__EXTRACTED RECORDS__.
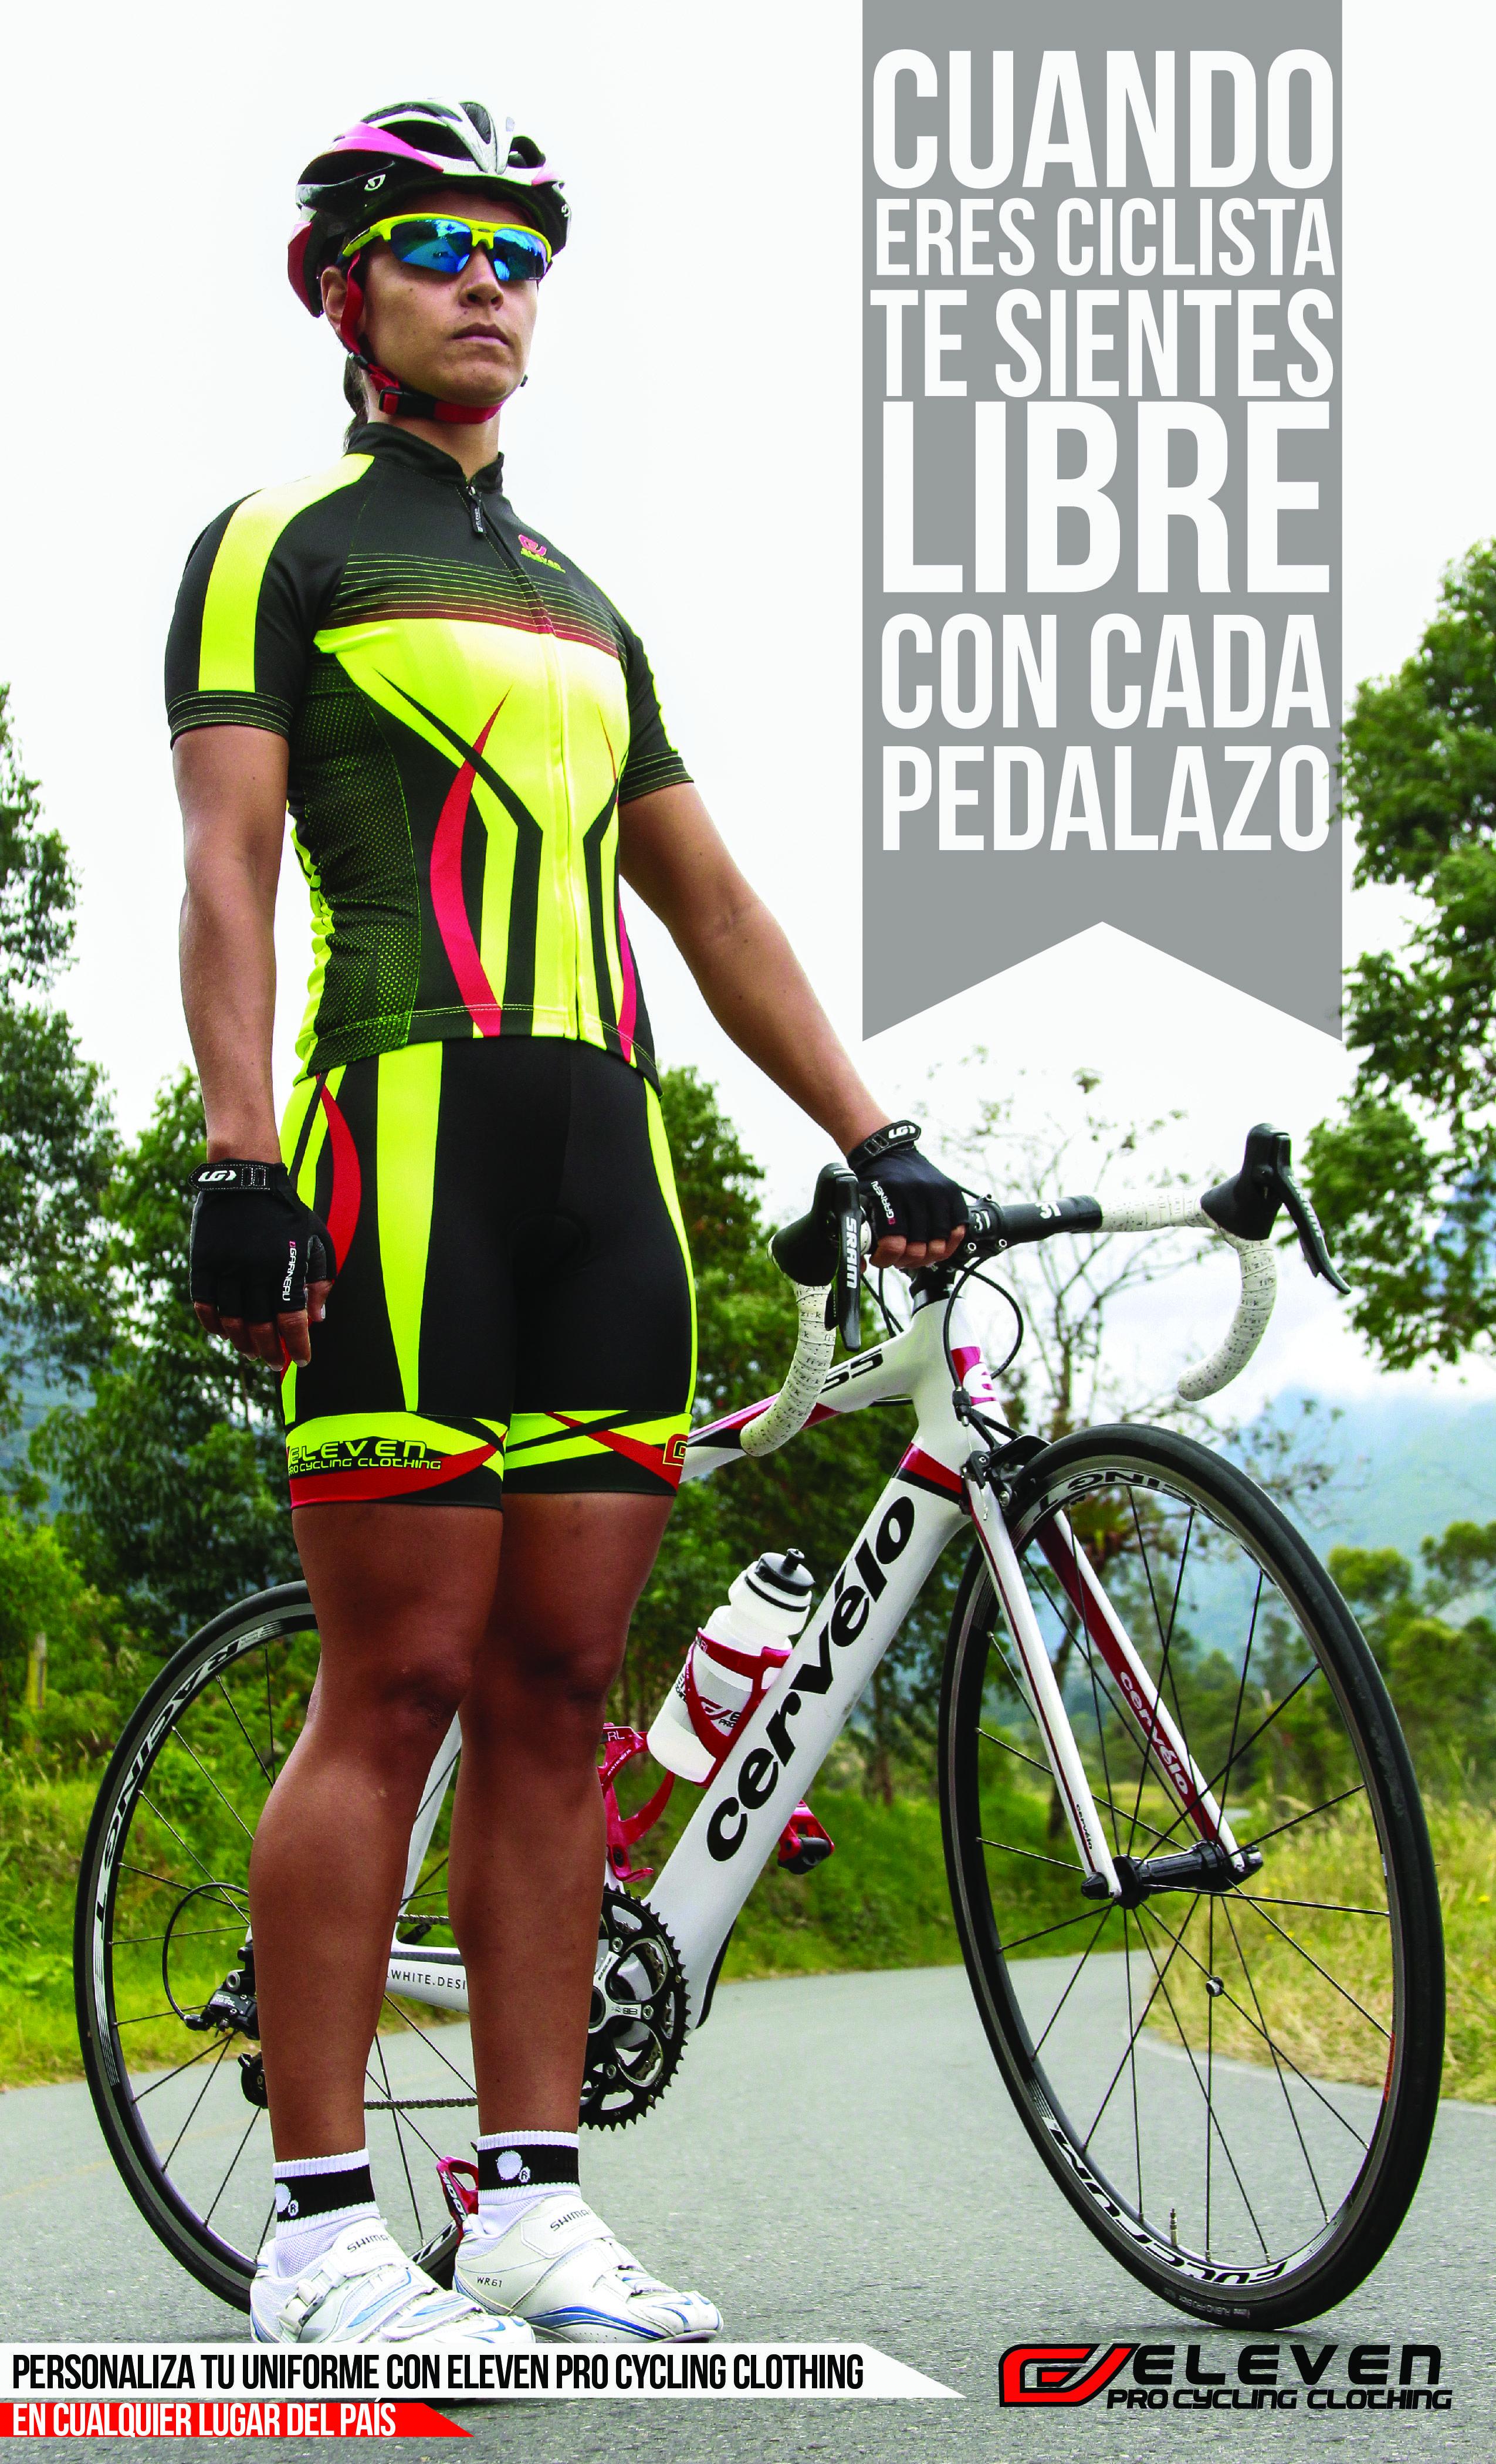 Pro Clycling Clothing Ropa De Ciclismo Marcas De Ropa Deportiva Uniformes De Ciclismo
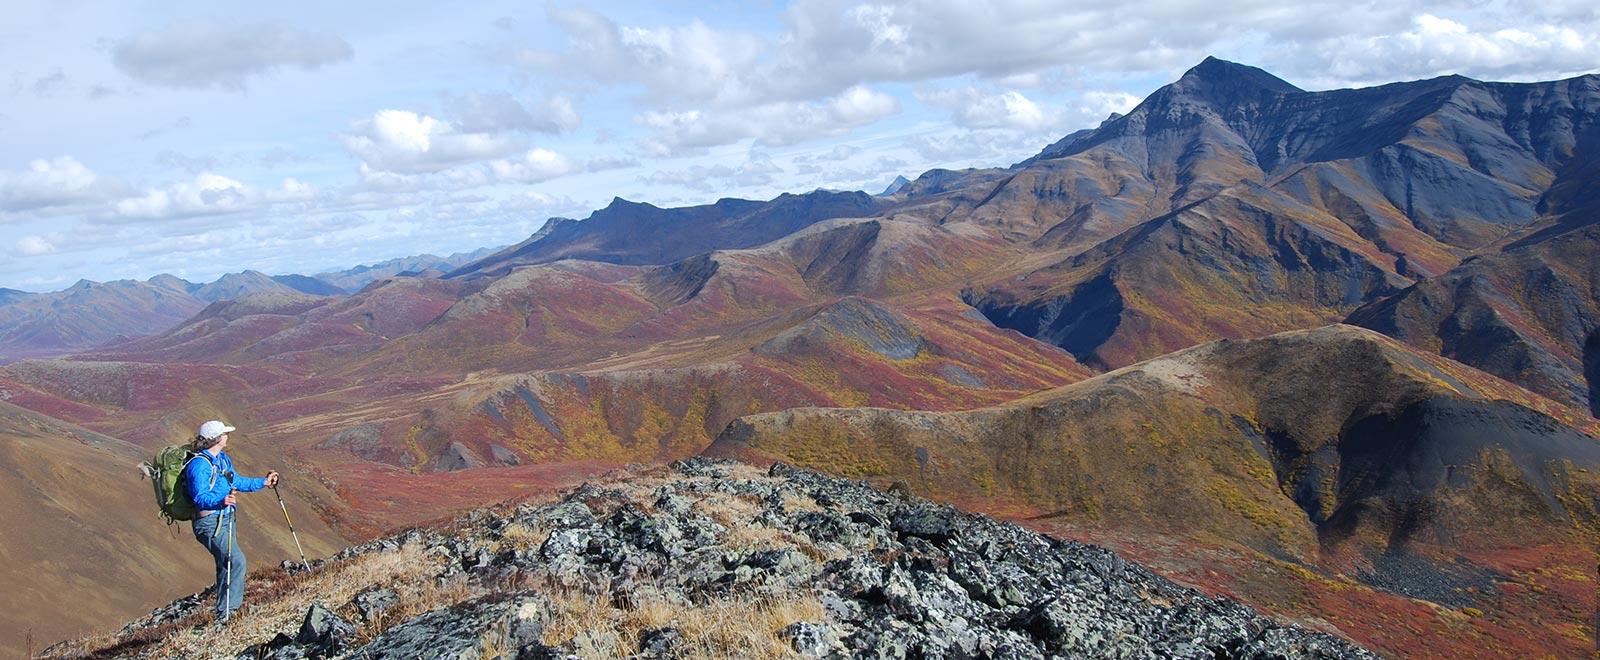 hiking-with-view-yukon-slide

==

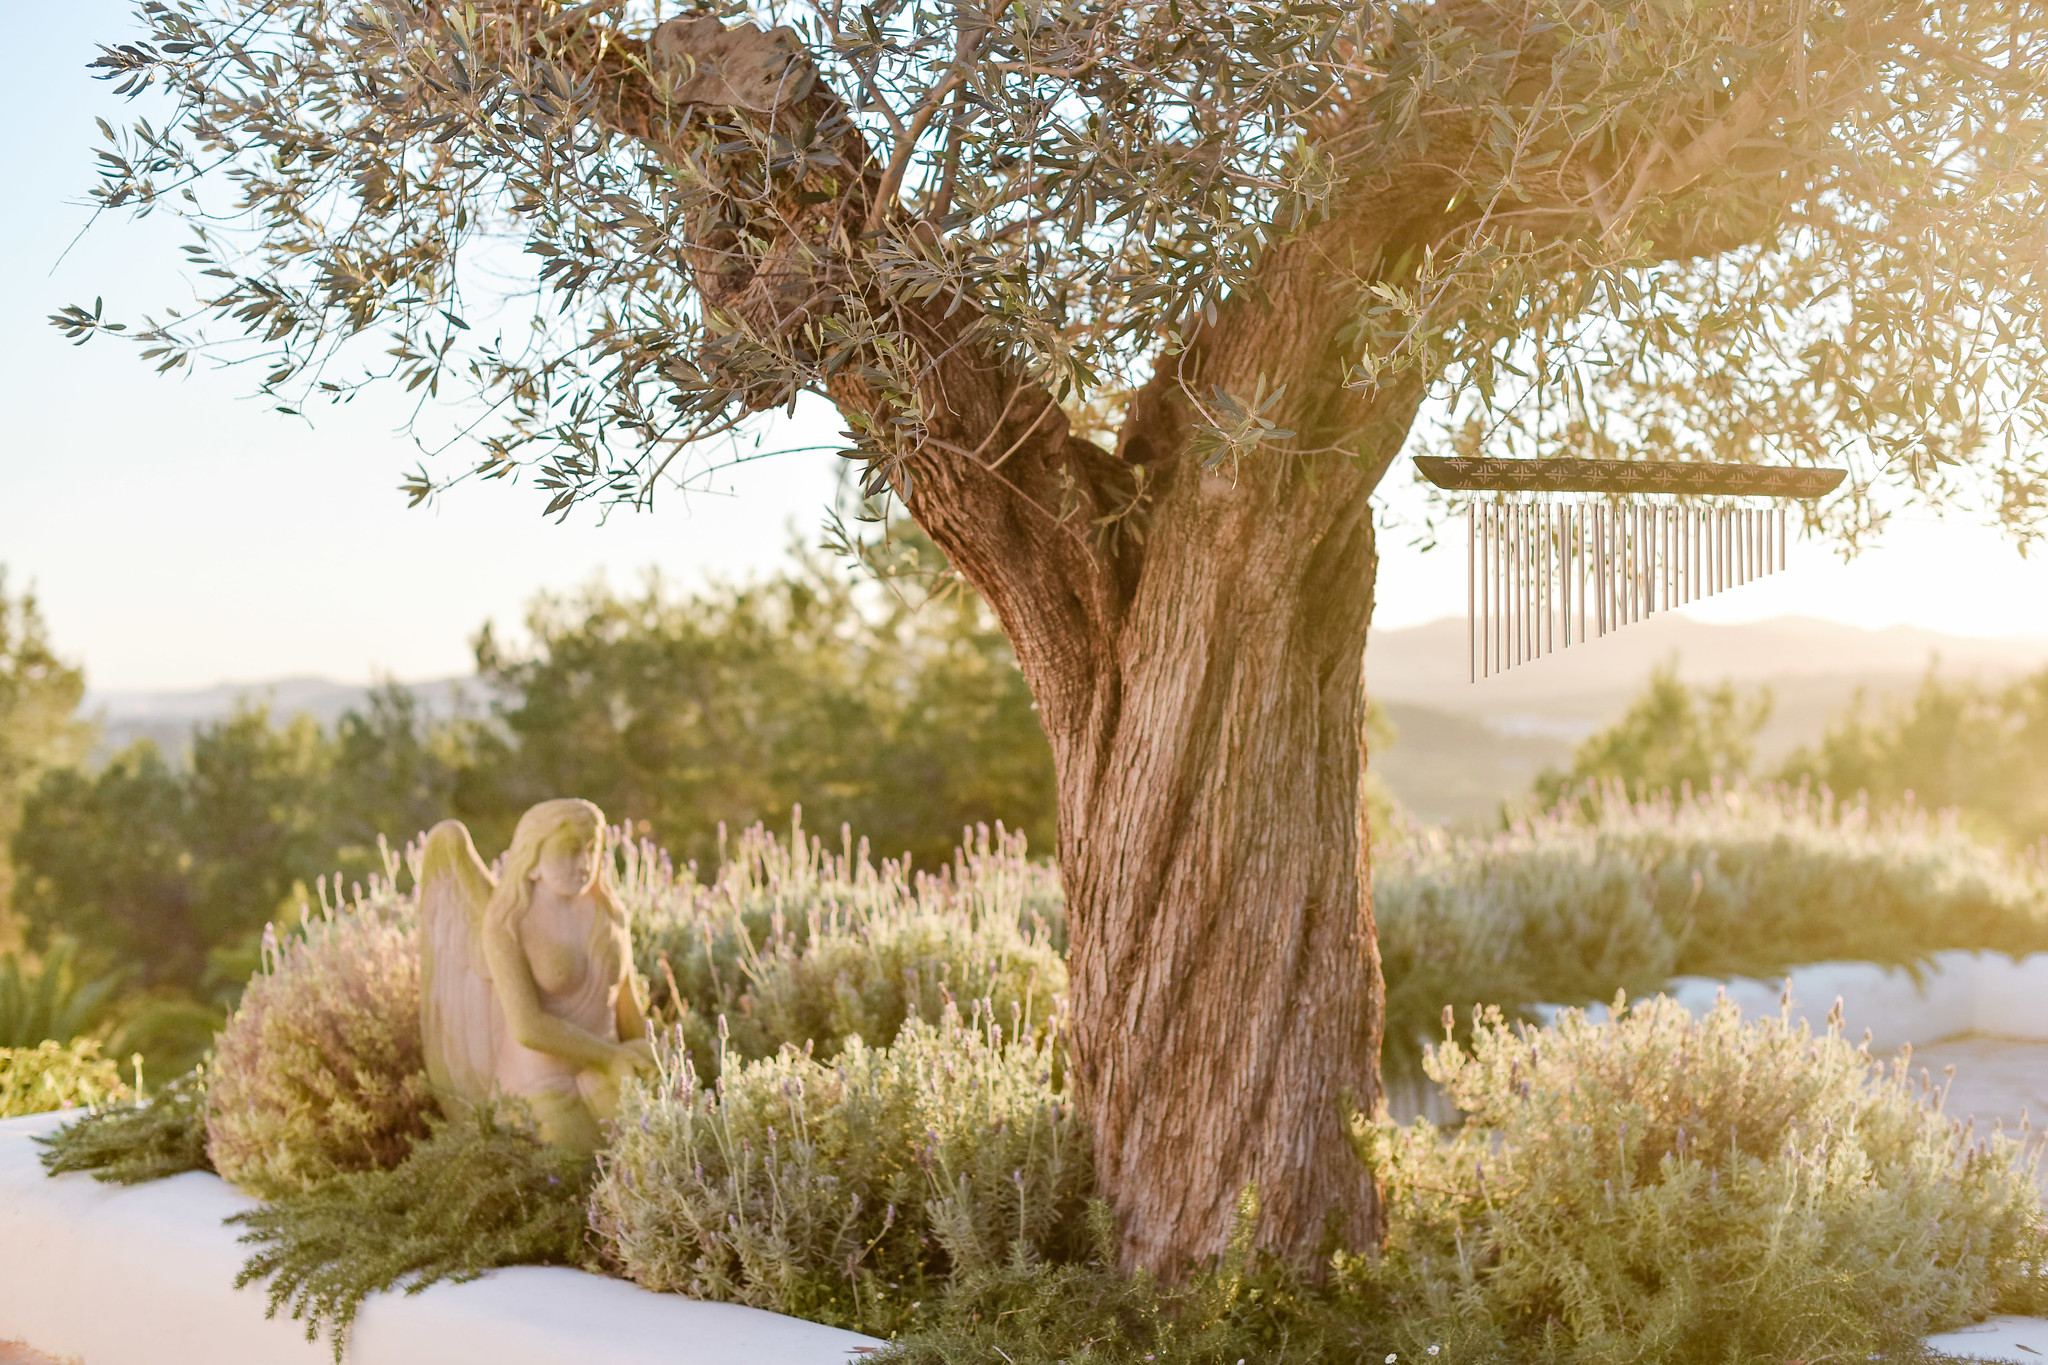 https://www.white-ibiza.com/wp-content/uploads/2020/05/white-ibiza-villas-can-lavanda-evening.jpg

==

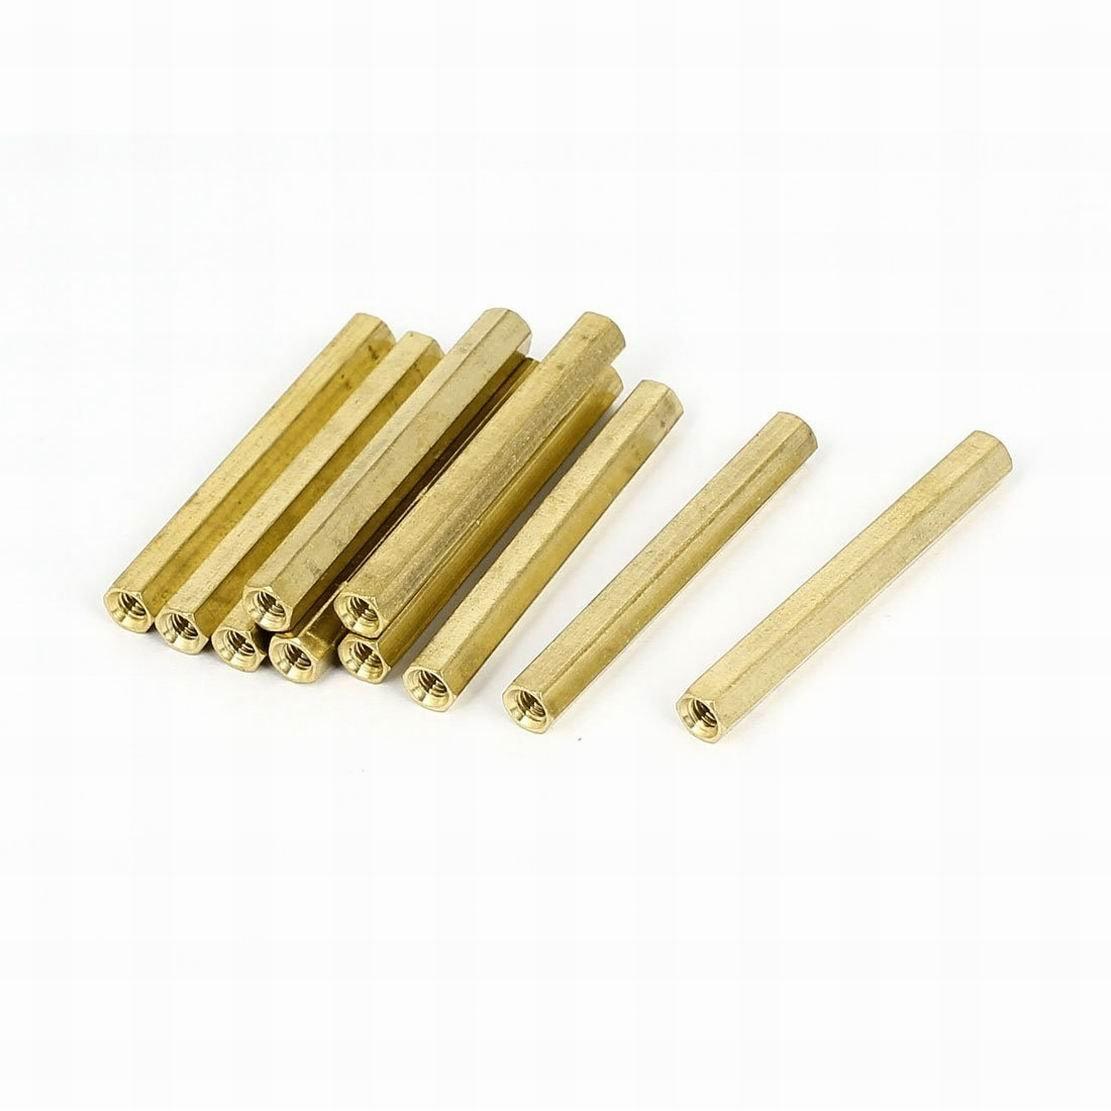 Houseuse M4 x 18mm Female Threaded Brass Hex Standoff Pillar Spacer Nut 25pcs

__ACTION ITEM__. From the line containing "Pro Clycling Clothing" through the line containing "hiking-with-view-yukon-slide", copy every line above exactly, without pictures.

__TASK RESULT__.
 Pro Clycling Clothing Ropa De Ciclismo Marcas De Ropa Deportiva Uniformes De Ciclismo
 hiking-with-view-yukon-slide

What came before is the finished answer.